Ксендз уселся, шурша сутаной. Развернул хрустящую бумагу, достал булку и разделил ее пополам. Моравецкий из-под опущенных век видел его пухлые белые пальцы и в них — розовый ломтик ветчины. Ему стало противно.
— Читали? — спросил у ксендза математик, показывая газету. Они многозначительно переглянулись, потом оба украдкой посмотрели на Моравецкого. Шульмерский сделал пренебрежительный жест. «Ага, — подумал Моравецкий, — это означает, что при мне можно разговаривать не стесняясь». Видимо, Шульмерский считал его за «своего».
— Ну, что вы на это скажете?
Ксендз кашлянул и, не переставая жевать, закрыл глаза. Моравецкий сосредоточенно разбирал аккуратный почерк Антека Кузьнара:
«Реформы Любецкого имели целью… Со времени возникновения первых магнатских мануфактур…»
Ксендз вытер пальцы и завернул в бумагу недоеденную половину булки.
— Такими методами не переделаешь человека, — сказал он тихо.
Шульмерский одобрительно кивнул головой. Потом встал и подошел к окну. Гелертович незаметно ушел из комнаты.
«…первых магнатских мануфактур, — пытался читать Моравецкий, — в которых работали крестьяне, переведенные на барщину».
— Я простудил мочевой пузырь, — сказал математик встревоженно. — Подумайте, в такую погоду!
— Я знаю хорошее средство. Травка такая, вы ее достанете в любой аптеке.
— Спасибо. Я сейчас вернусь.
Когда Шульмерский вышел, ксендз Лесняж достал требник. Моравецкий поднял глаза от тетрадей и встретил его внимательный, озабоченный взгляд.
— Скажите, пожалуйста, отец Лесняж, с каких пор вы стали лжецом?
Он нащупал в кармане ключик и сжал его в руке.
— С каких пор вы стали лжецом? — повторил он.
— Сын мой!.. — начал ксендз самым елейным тоном.
— Ведь вам наплевать на всякие «методы». Вы лжете. Вы сегодня же охотно приказали бы сжечь на костре людей, которые утверждают, что земля вращается вокруг солнца. Ведь верно?

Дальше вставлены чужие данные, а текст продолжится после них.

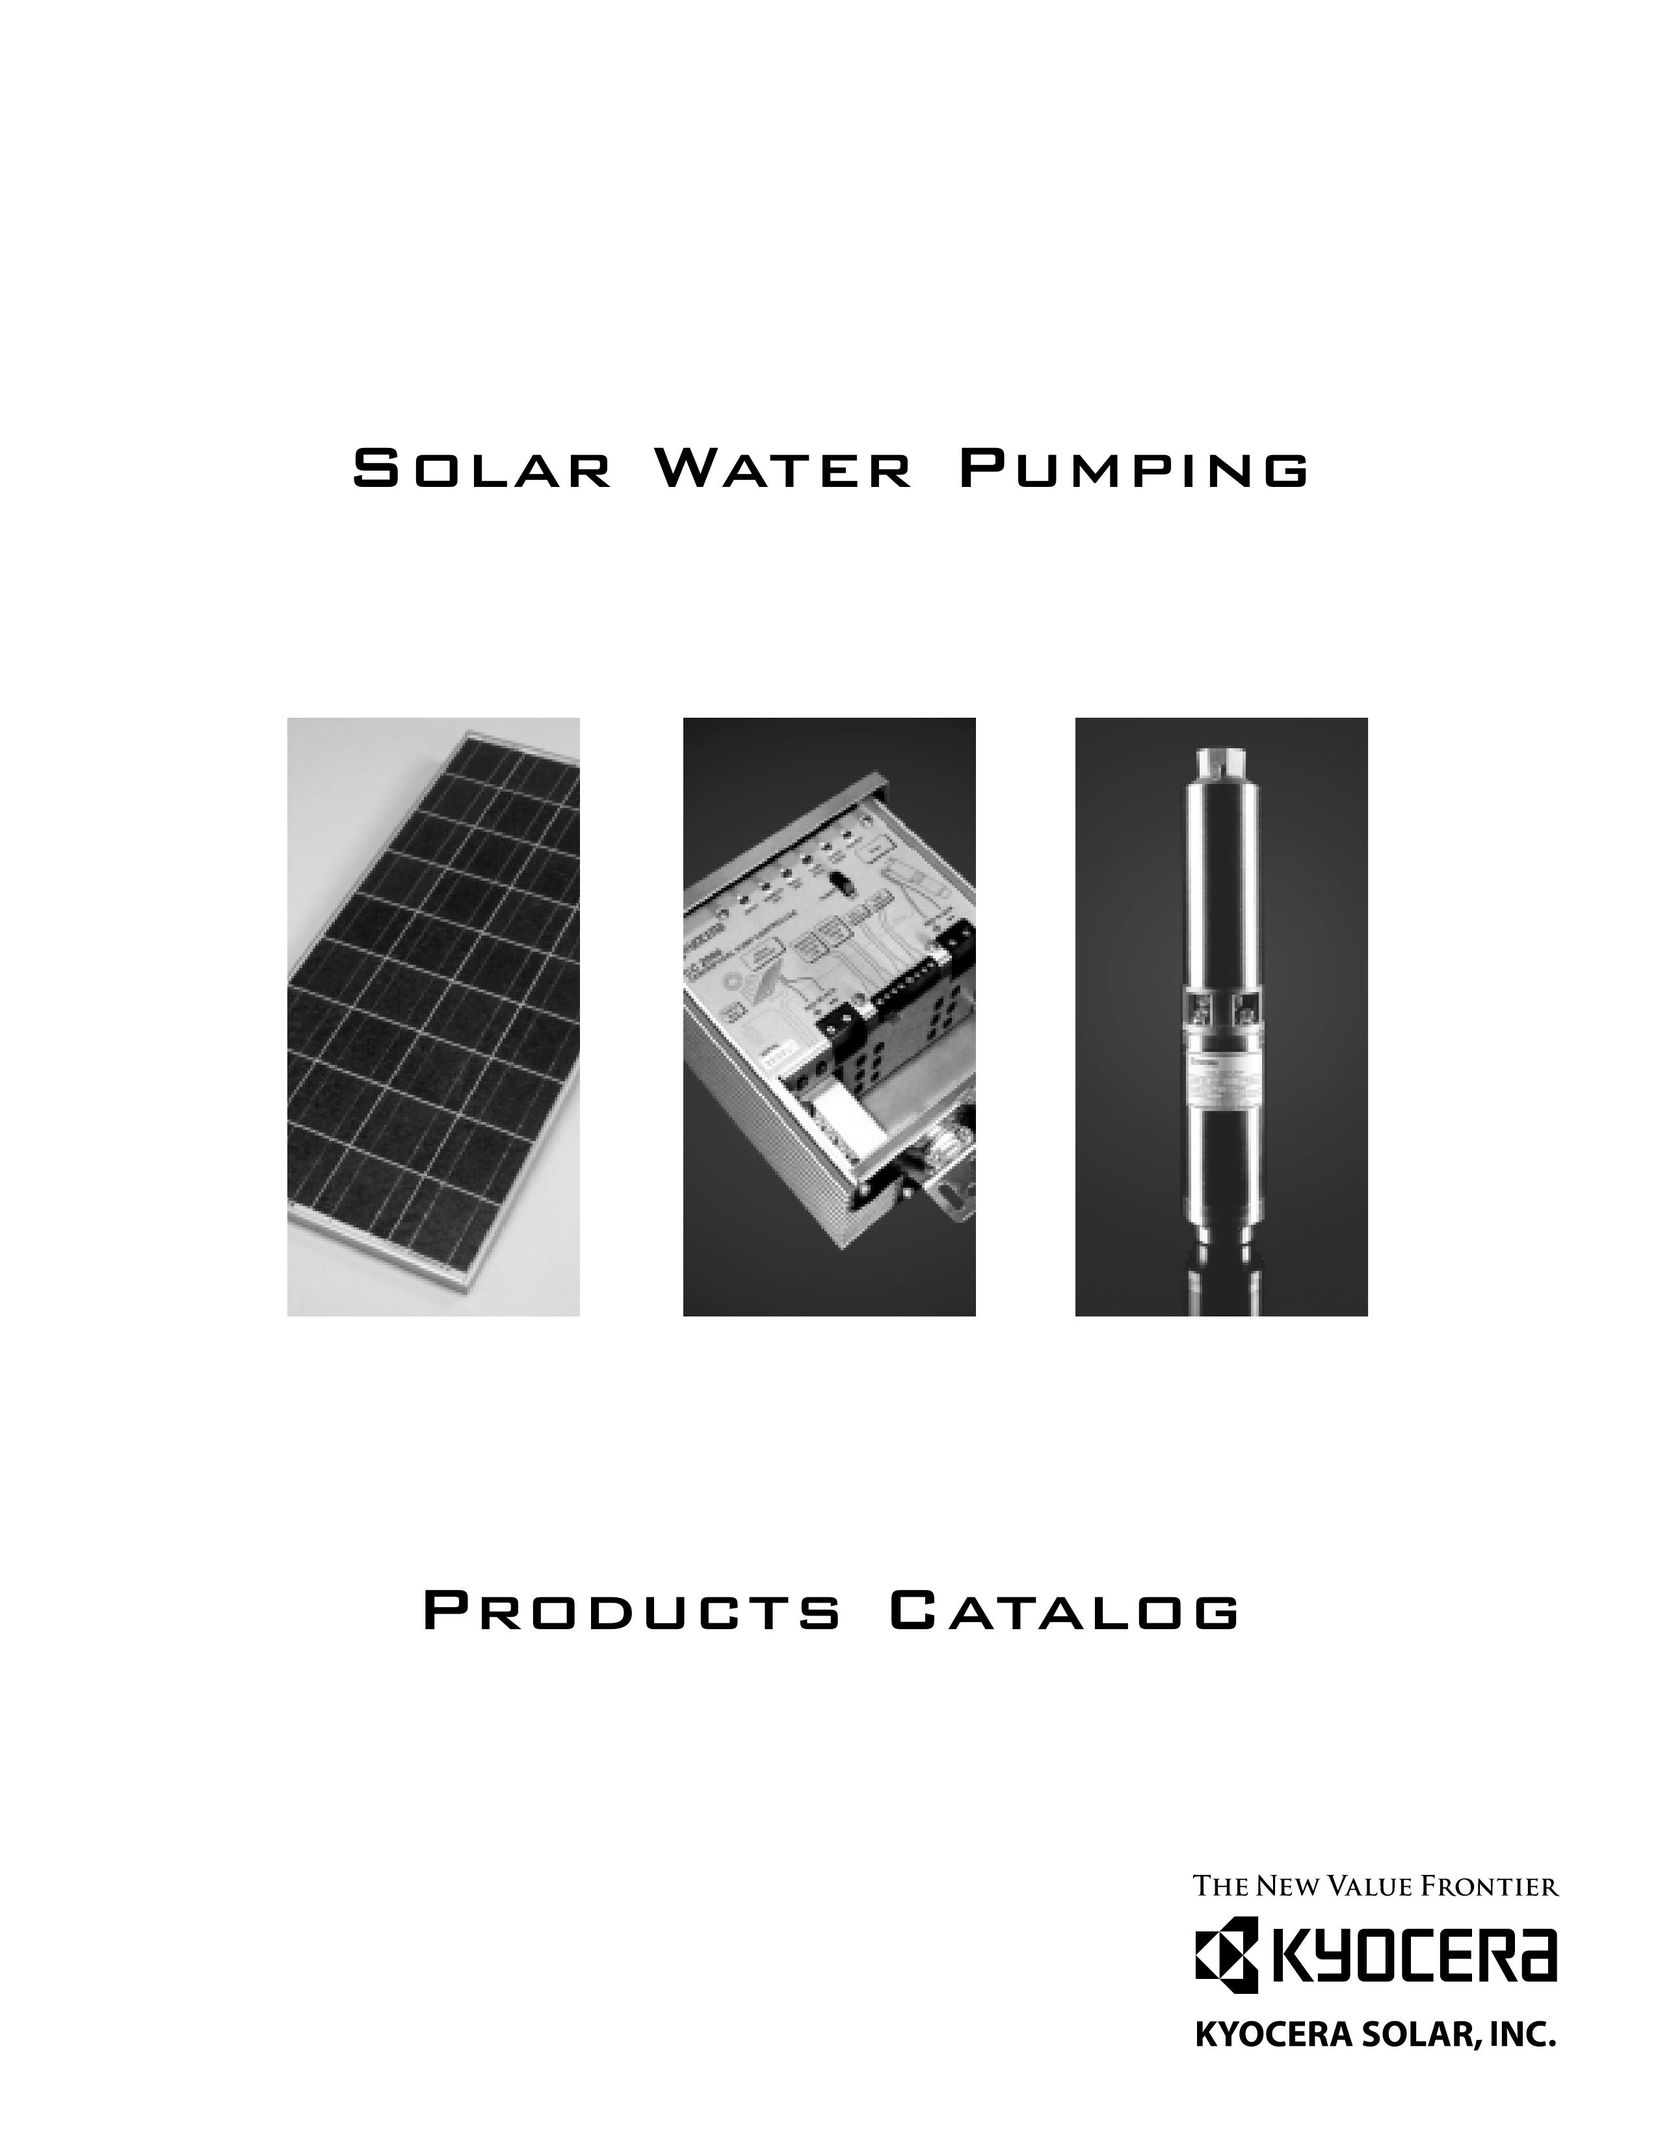 Kyocera SD 3-70 Water Pump User Manual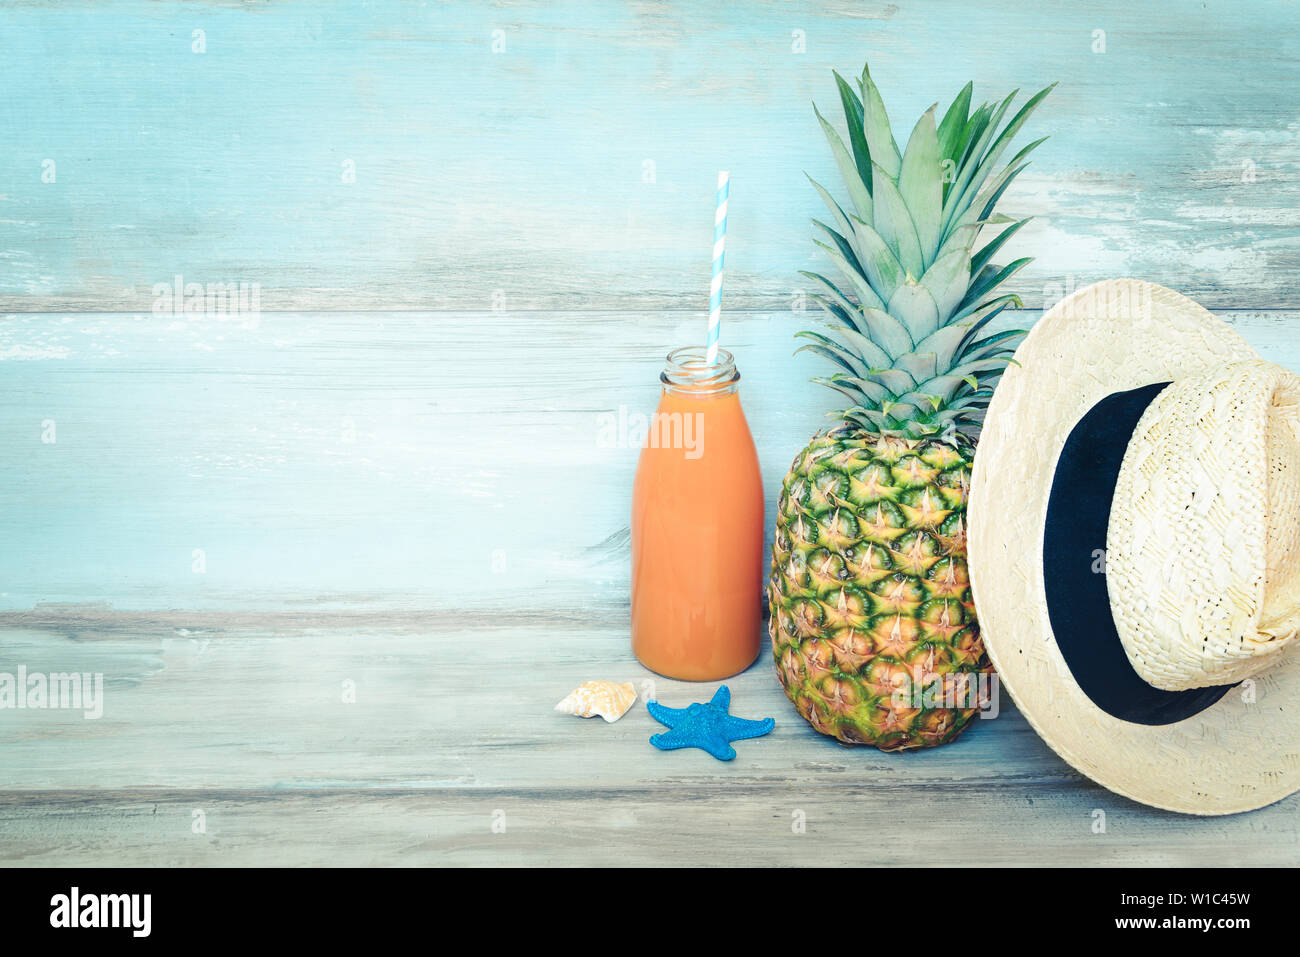 Sommer Konzept stillife - reife Ananas, Strohhut und eine Flasche multivitamin Saft vor einem blauen Holzmöbeln im Landhausstil Hintergrund. Stockfoto

— Вы с ума сошли! — прошептал ксендз. — По какому праву…
— Погодите, — перебил его Моравецкий. — Скажите мне, сколько раз вы давали отпущение грехов молодчикам, которые сознавались на исповеди, что застрелили
коммуниста? Ну, сколько? Припомните. Методы… Методы! Да вы бы рады сжечь на костре весь земной шар, истребить на нем все живое.— Не гневите бога! — сказал ксендз вставая. — Молитесь! Бог видит ваше горе…
Моравецкий рассмеялся. Ксендз торопливо направился к дверям.
В учительскую вошел Шульмерский и спросил, что случилось. Лесняж шепнул ему несколько слов и вышел, прошумев сутаной.
— Ксендз разнервничался, — сказал Шульмерский, когда они с Моравецким остались наедине. — Что это вам в голову взбрело?
Моравецкий, улыбаясь, продолжал проверять тетради. Шульмерский сел рядом.
— Не могу вас раскусить, паи Ежи. Странный вы человек! Ну, чего вы ерепенитесь? Что касается меня…
Он не договорил, так как в эту минуту в учительскую заглянул Тарас из одиннадцатого «А». Он делал Моравецкому таинственные знаки и улыбался как-то особенно светло и умильно. Моравецкий кивнул ему и собрал тетради, обрадовавшись, что нашелся предлог уйти от Шульмерского.
— Чего тебе, Тарас? — спросил он, когда они остановились у аквариума.
Тарас оглянулся с явным беспокойством: на подоконнике сидели Кузьнар, Збоинский и Свенцкий.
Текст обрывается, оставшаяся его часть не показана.